** WORK INSTRUCTIONS **
Present the data once more in exactly its original form.

(Items from a data source)
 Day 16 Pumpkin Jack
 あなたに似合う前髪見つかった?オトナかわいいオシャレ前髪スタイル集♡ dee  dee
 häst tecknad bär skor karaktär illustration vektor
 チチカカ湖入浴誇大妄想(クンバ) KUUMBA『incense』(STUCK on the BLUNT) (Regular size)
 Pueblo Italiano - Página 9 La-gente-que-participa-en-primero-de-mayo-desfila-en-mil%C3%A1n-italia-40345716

** SOLUTION TO THIS EXERCISE **
 Day 16 Pumpkin Jack
 あなたに似合う前髪見つかった?オトナかわいいオシャレ前髪スタイル集♡ dee  dee
 häst tecknad bär skor karaktär illustration vektor
 チチカカ湖入浴誇大妄想(クンバ) KUUMBA『incense』(STUCK on the BLUNT) (Regular size)
 Pueblo Italiano - Página 9 La-gente-que-participa-en-primero-de-mayo-desfila-en-mil%C3%A1n-italia-40345716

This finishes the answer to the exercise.